▸ **What to produce**
Only the lines from the one with "Saucetown News" through the last line of the data below are to be duplicated, exactly and without pictures.

▸ **Data**

════════

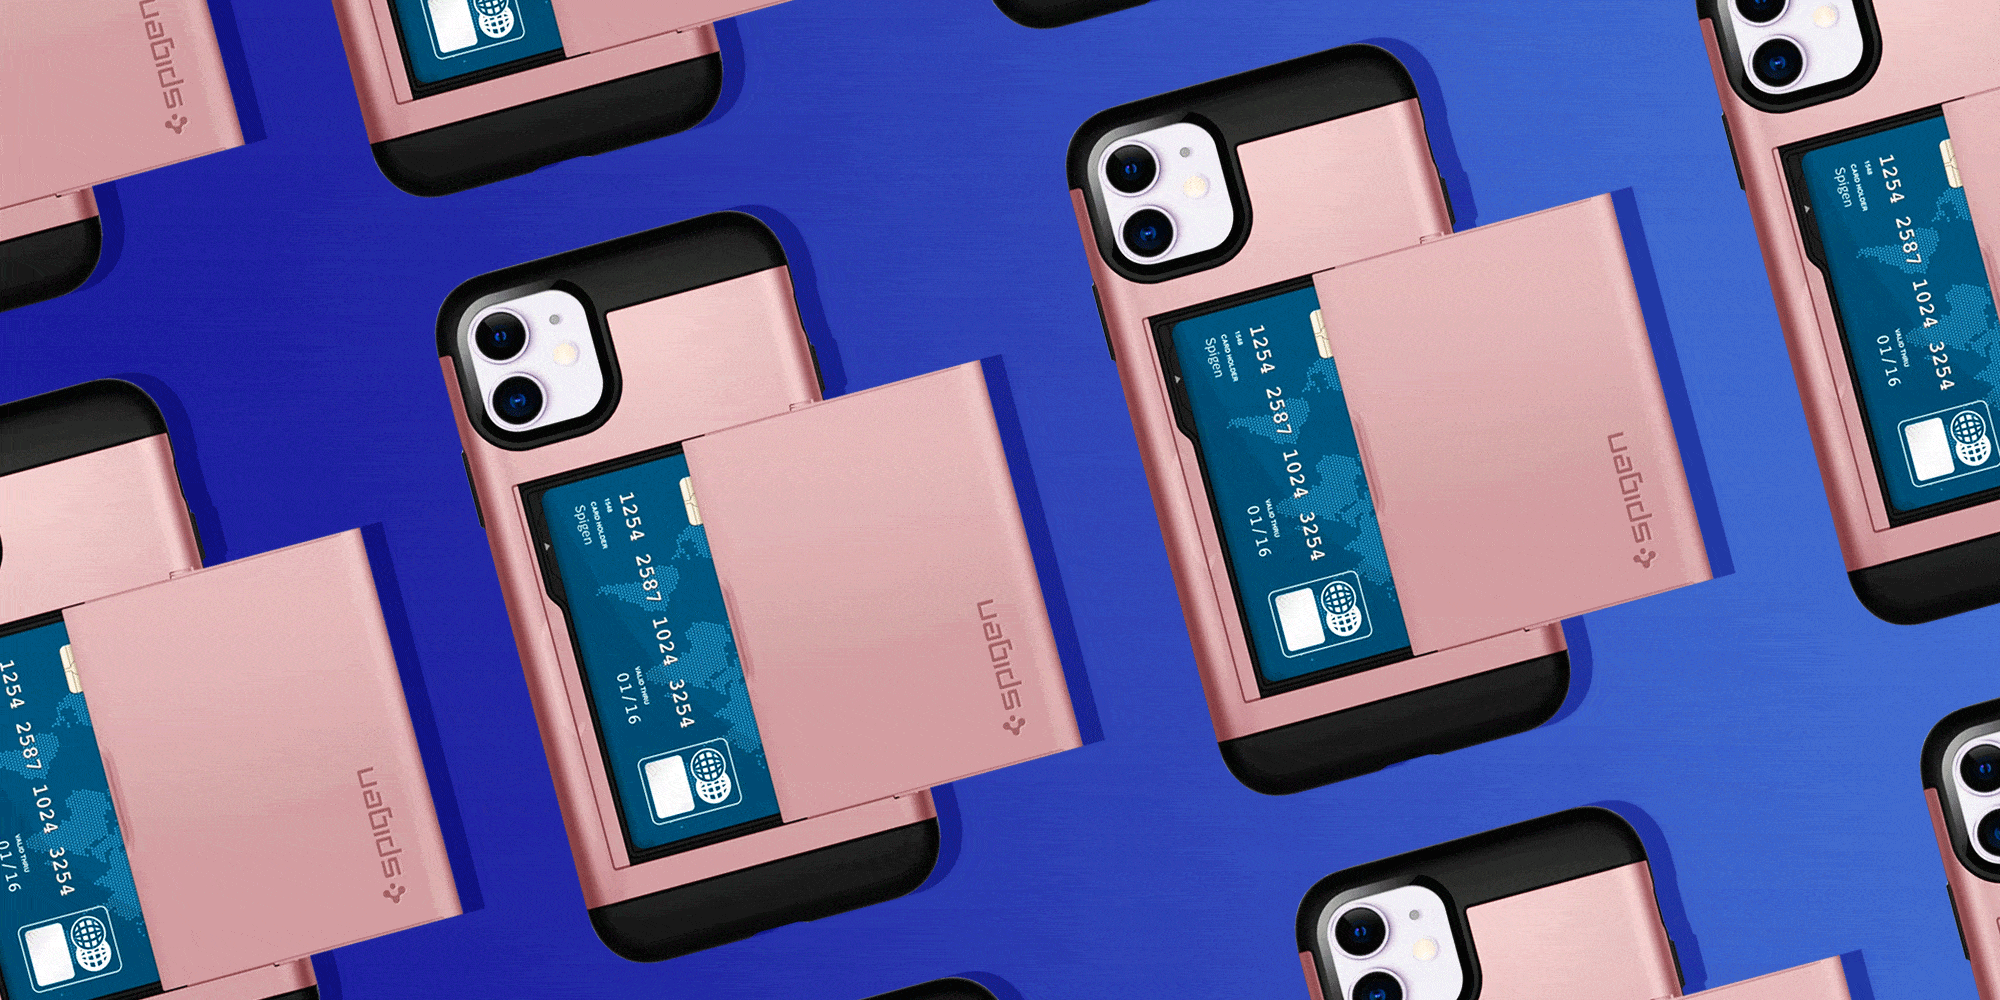 iphone 6 credit card holder
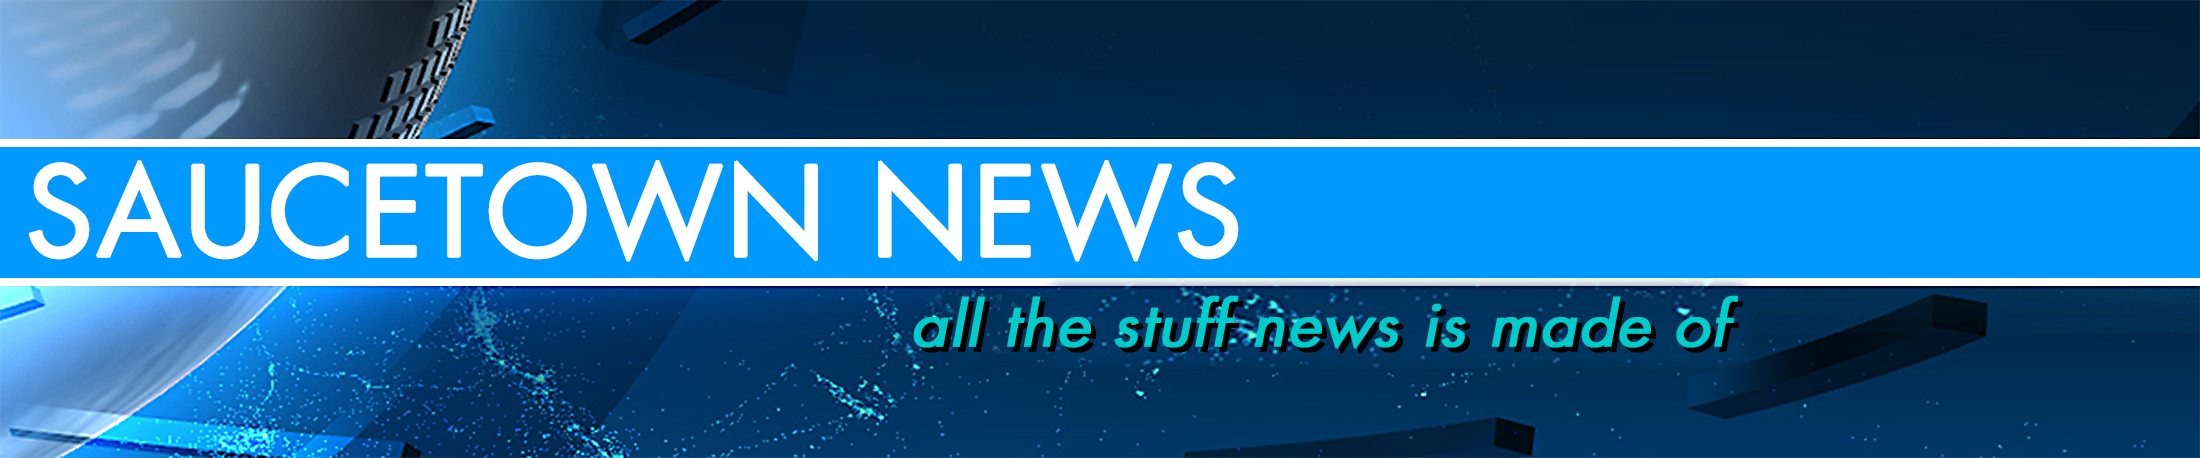 Saucetown News
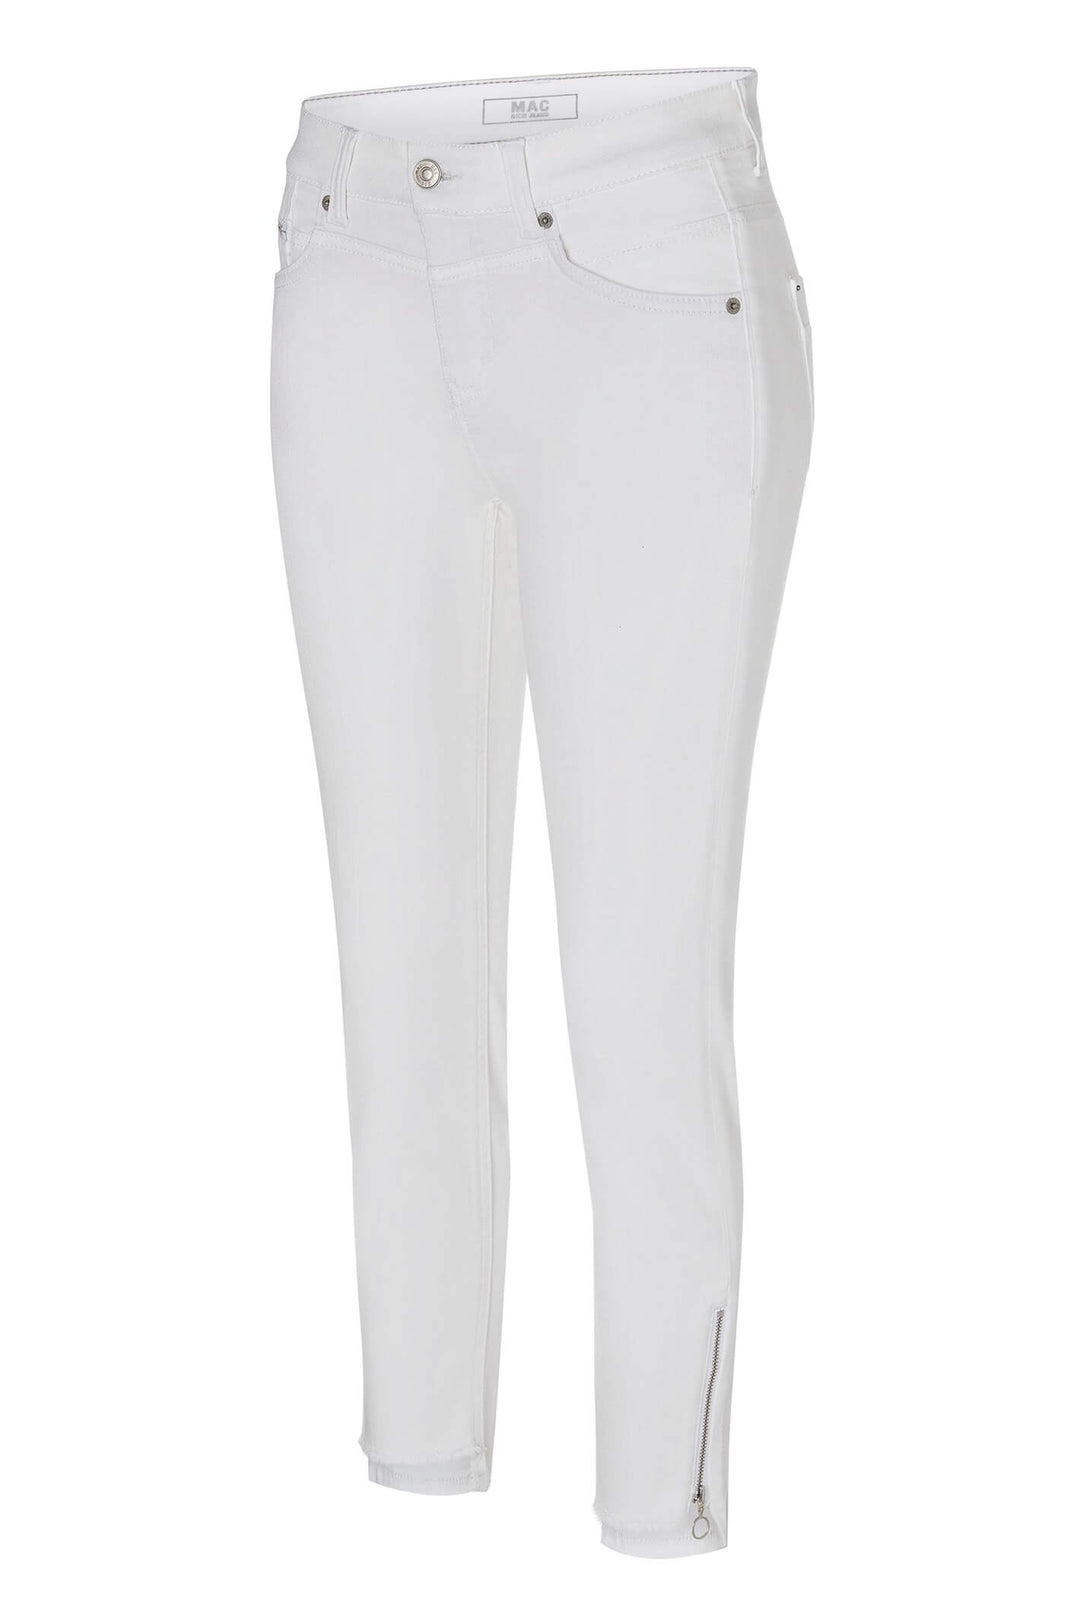 MAC Rich Slim Chic 5755-90-0389L D010 White Denim Jeans - Olivia Grace Fashion

════════

▸ **Task solution**
 Saucetown News
 MAC Rich Slim Chic 5755-90-0389L D010 White Denim Jeans - Olivia Grace Fashion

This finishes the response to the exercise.